PROVIDED DATA:
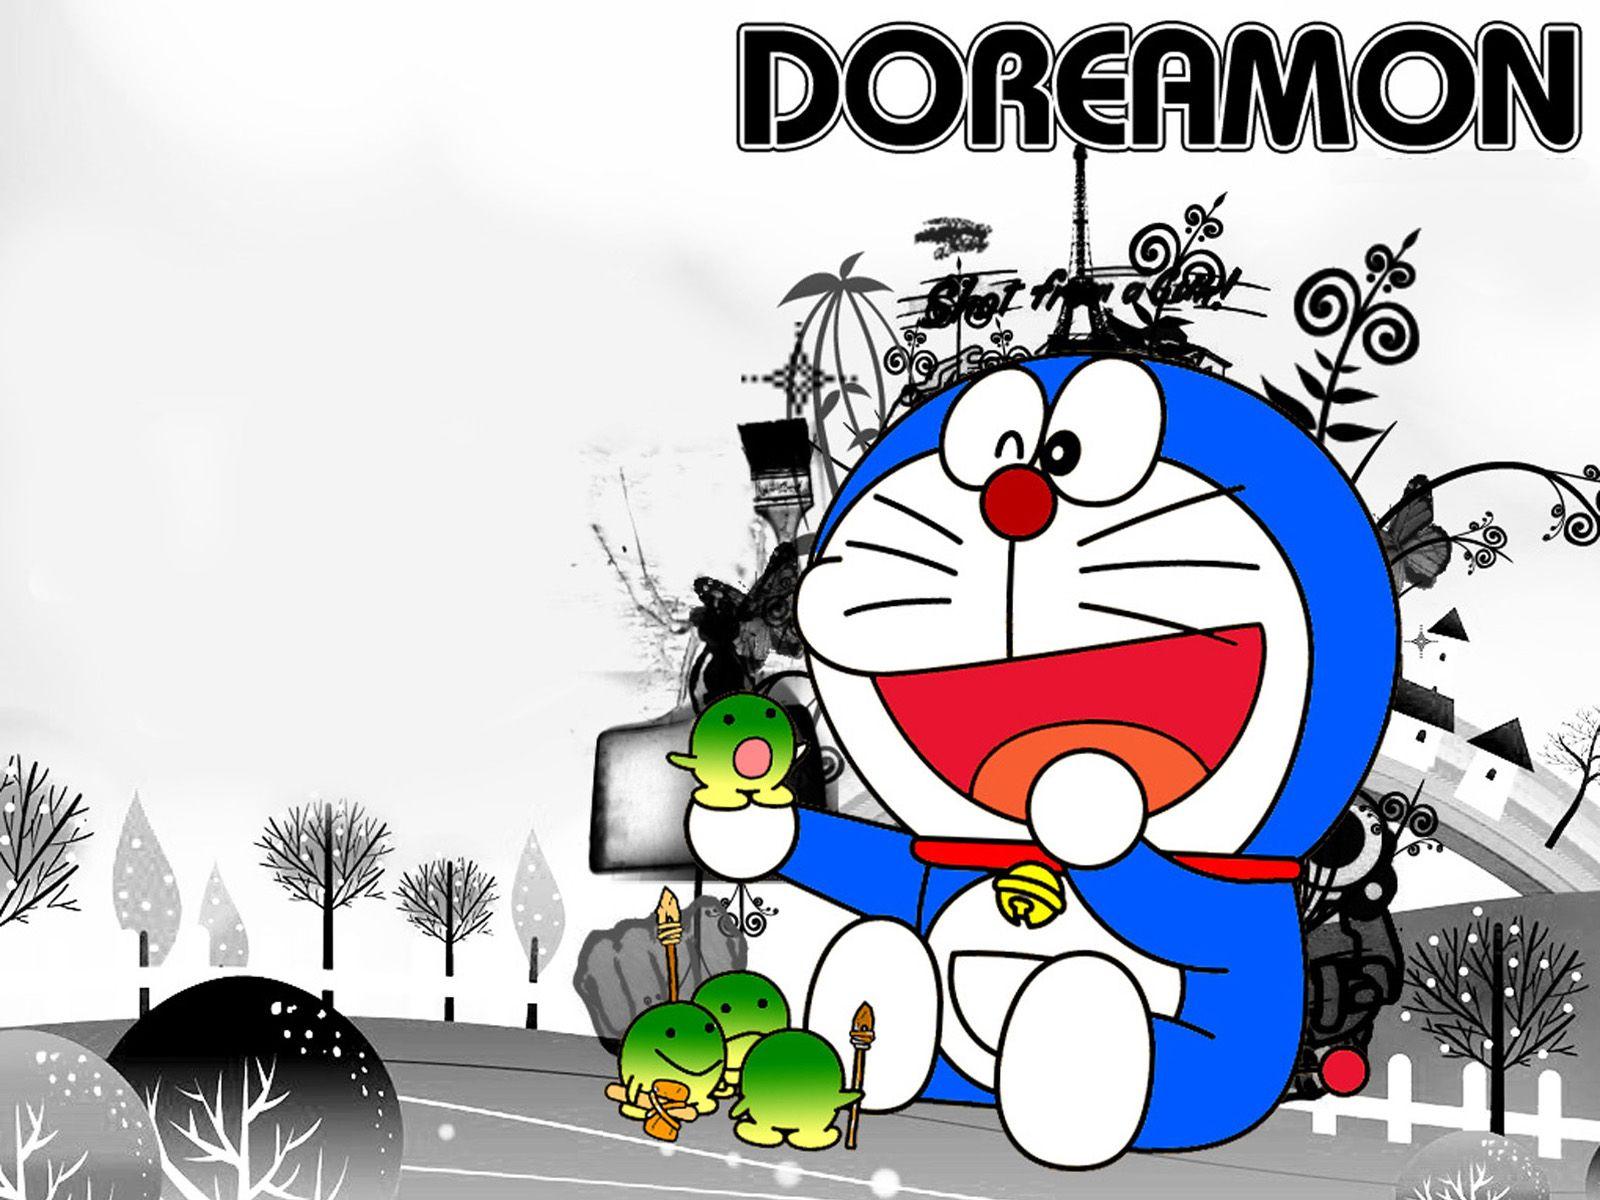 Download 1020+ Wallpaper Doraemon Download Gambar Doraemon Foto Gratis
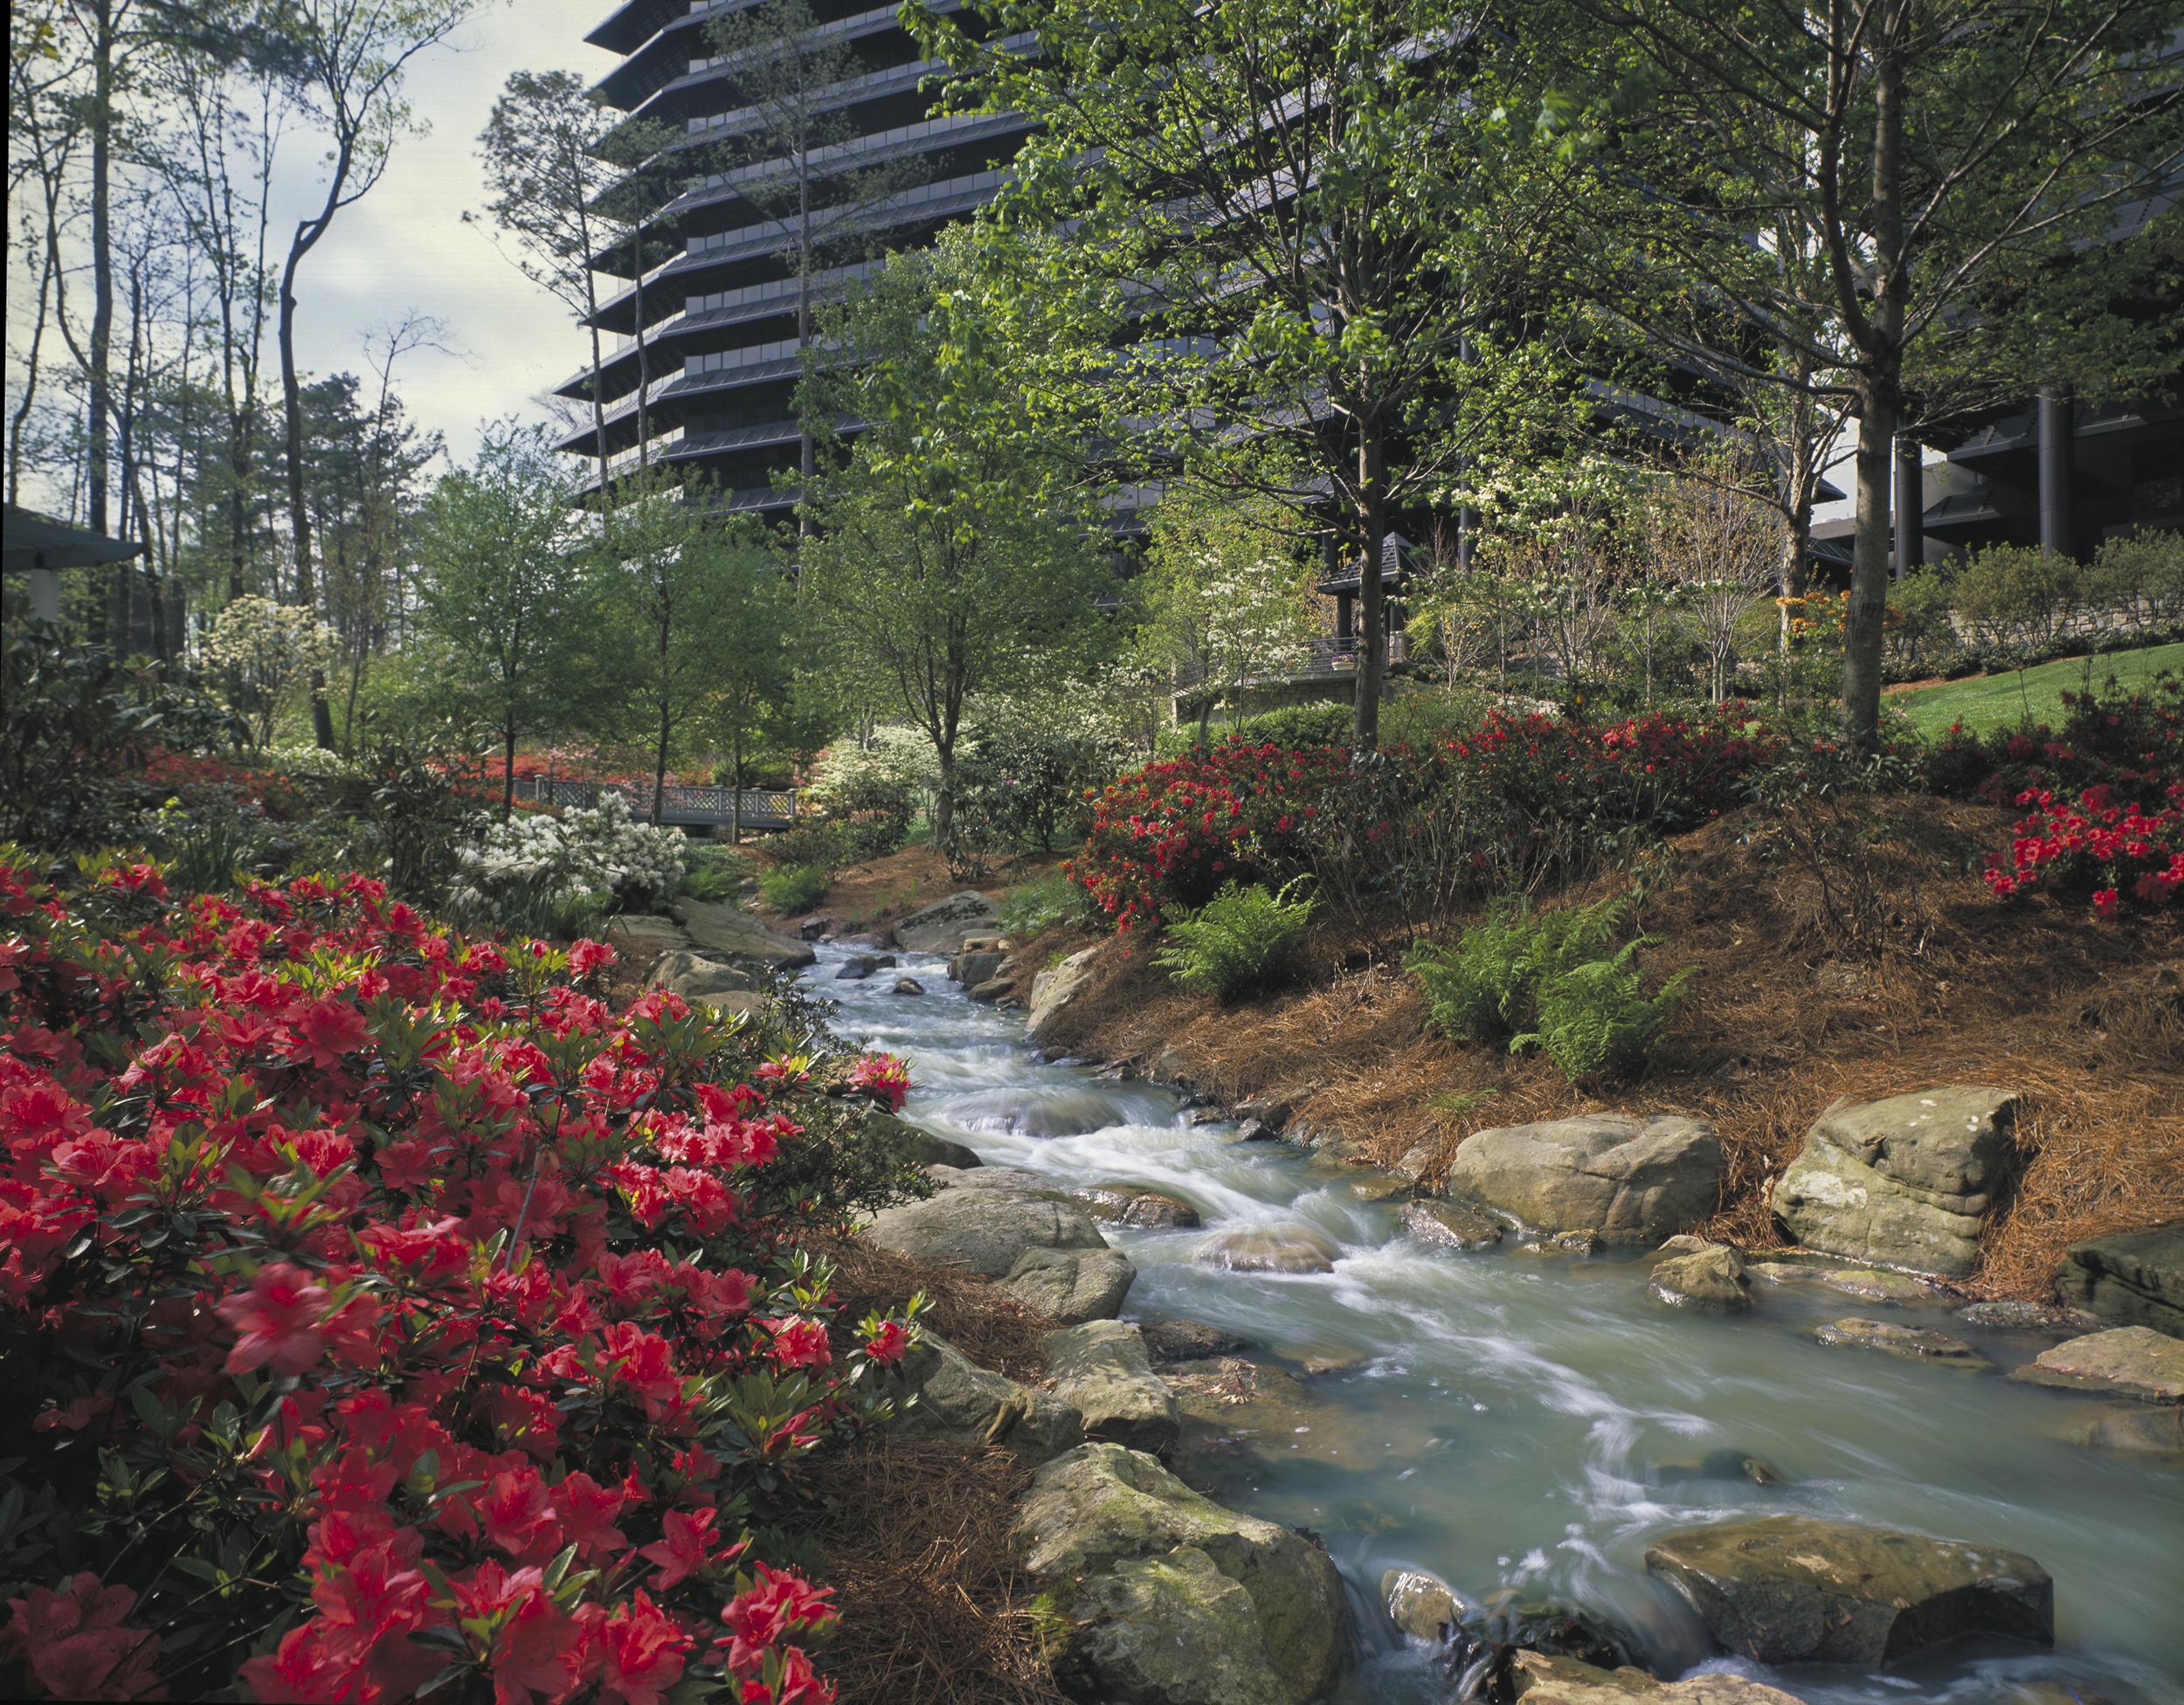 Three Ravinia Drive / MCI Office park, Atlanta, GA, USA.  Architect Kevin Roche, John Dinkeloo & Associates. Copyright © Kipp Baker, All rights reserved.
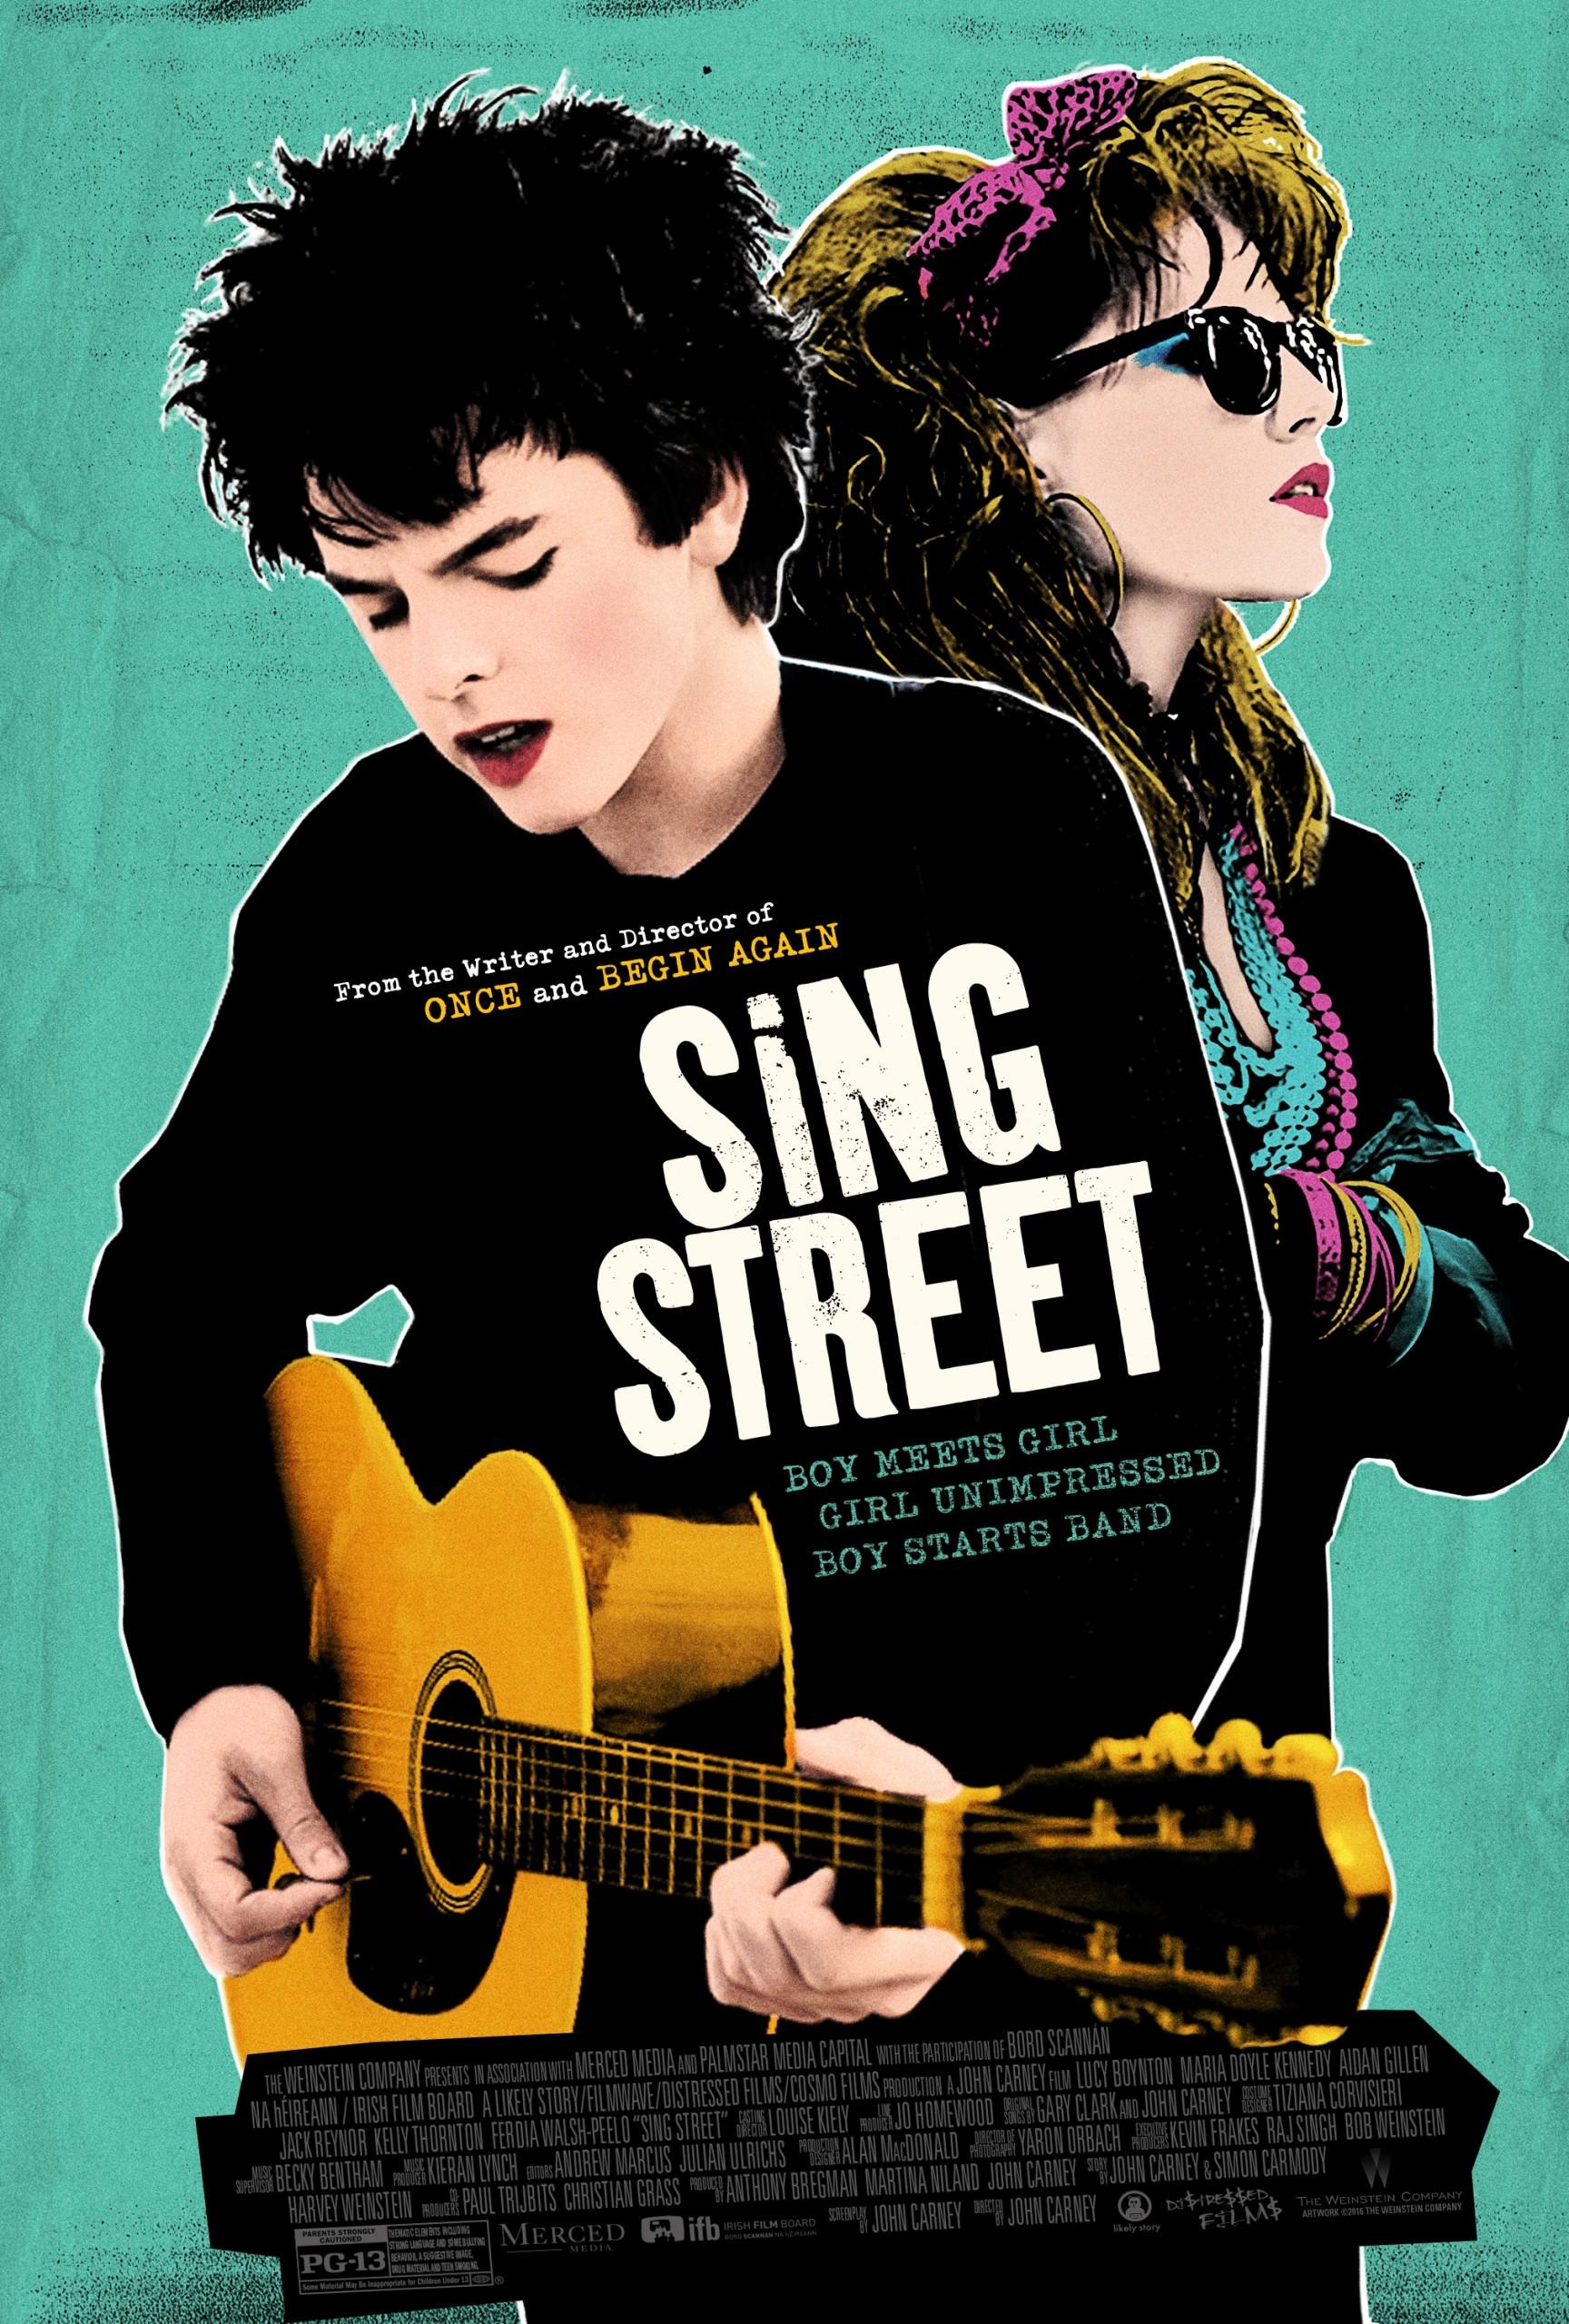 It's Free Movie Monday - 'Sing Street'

PROBLEM:
No pictures go in the copy. Output exactly the lines from the line containing "Three Ravinia Drive" through the end of the listing above.

SOLUTION FOR THIS PROBLEM:
 Three Ravinia Drive / MCI Office park, Atlanta, GA, USA.  Architect Kevin Roche, John Dinkeloo & Associates. Copyright © Kipp Baker, All rights reserved.
 It's Free Movie Monday - 'Sing Street'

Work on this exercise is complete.